Whether you are a homeowner now or will become one soon, it would be wise to add a ground source heat pump to your home. This is a fantastic way to make your home “greener.” Here is some important information about such heat pumps:
The Ground Source Heat Pump
This heating system variety uses the ground's heat as a source of energy. Such energy can either heat or cool a particular area. It does that by gathering geothermal energy that is contained underground. To implement such a system, one installs a heat pump within 10 feet of the surface of the Earth. The temperature range must be 10°C-16°C , or 50°F-61°F. That allows your heat pump to keep your home warm during the wintertime, and cool during the summertime.
The DIY Option
You should probably forget about installing the ground source heat pump yourself. That is because it requires many skills and tools that most DIY enthusiasts simply do not have. This is not to say that you should not consider making it a DIY project. However, due to the complexity of the process it would probably be wiser to let a trained professional handle it. Ultimately, that could save you a lot of potential hassles that simply are not worth dealing with.

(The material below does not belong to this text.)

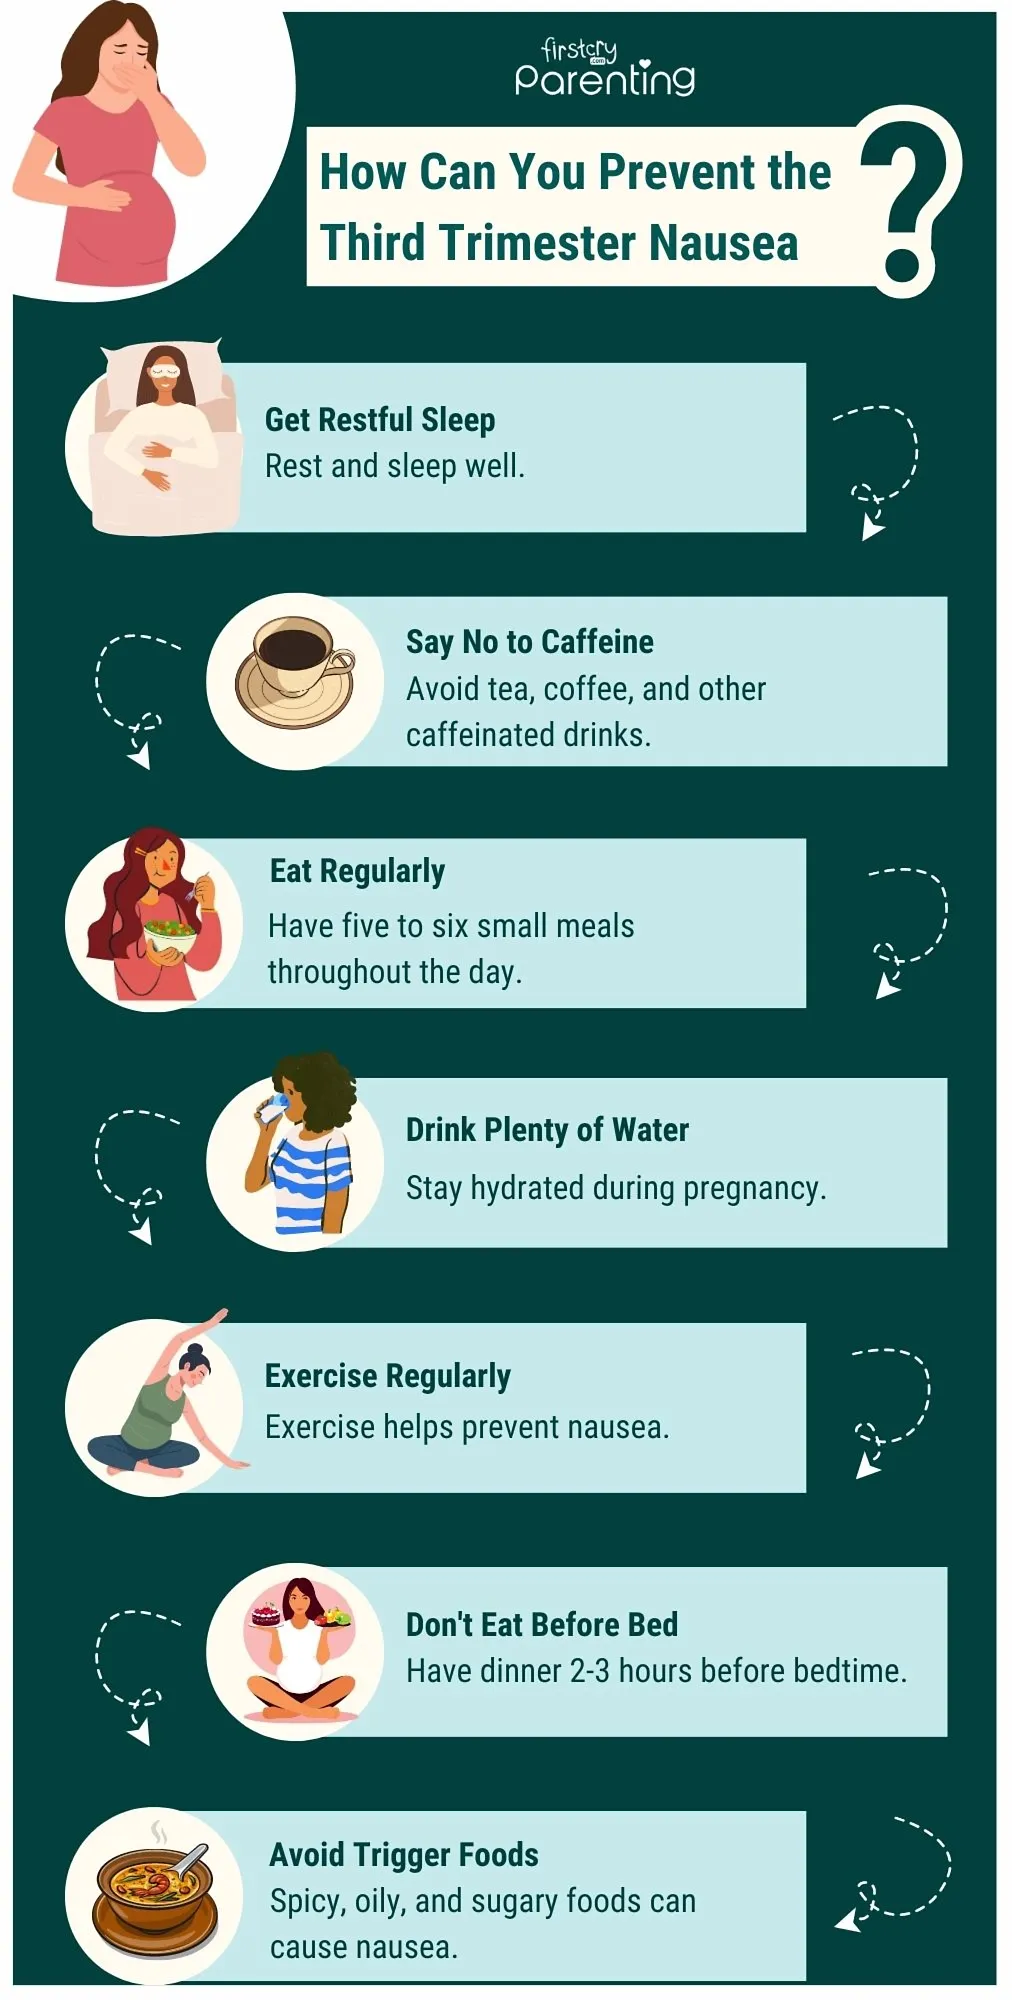 How Can You Prevent the Third Trimester Nausea - Infographic

The cost of creating a source heat pump system can vary based on several factors. Creating a ground source heat pump is fairly expensive. Still, the cost of operating such pumps is much lower than operating other HVAC systems. The amount of savings that you can enjoy via the operation of such systems will vary based on your location in the world. Still, the costs can be so low that the system will pay for itself quickly. Also, it is actually possible to lower the startup costs of ground source heat pumps. For example, various governments throughout the world offer subsidies for certain homeowners who install ground source heat pumps within particular fiscal years.

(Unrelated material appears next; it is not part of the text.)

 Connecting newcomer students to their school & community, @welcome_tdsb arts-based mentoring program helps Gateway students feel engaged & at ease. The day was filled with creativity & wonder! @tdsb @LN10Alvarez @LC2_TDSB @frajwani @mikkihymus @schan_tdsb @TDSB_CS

Two primary types of ground source heat pumps exist. The water-to-water transfer type works like a standard boiler. They heat water pipes that are situated in a building. Meanwhile, water-to-air transfer systems function like standard air conditioners. They use heating and cooling parts of the ground source heat pump. Ventilation is used to change the air's temperature.
The first step is to install polyethylene or copper piping underneath the ground. Then you should use refrigerant to fill the piping. The heat pump will move the fluid through the piping. As that happens the ground warms or cools the fluid. As a result, the temperature of your home stabilizes during the process of direct exchange.
The Environmental Impact
The ground source heat pump will make your house “greener.” That is because no chemicals or fuels are required for heating or cooling your home. As a result, the environment is virtually unchanged. In fact, it is possible to eliminate about 5,500 tons of emissions from carbon.
The above factors are reasons why installing a ground source heat pump should be a viable option for you.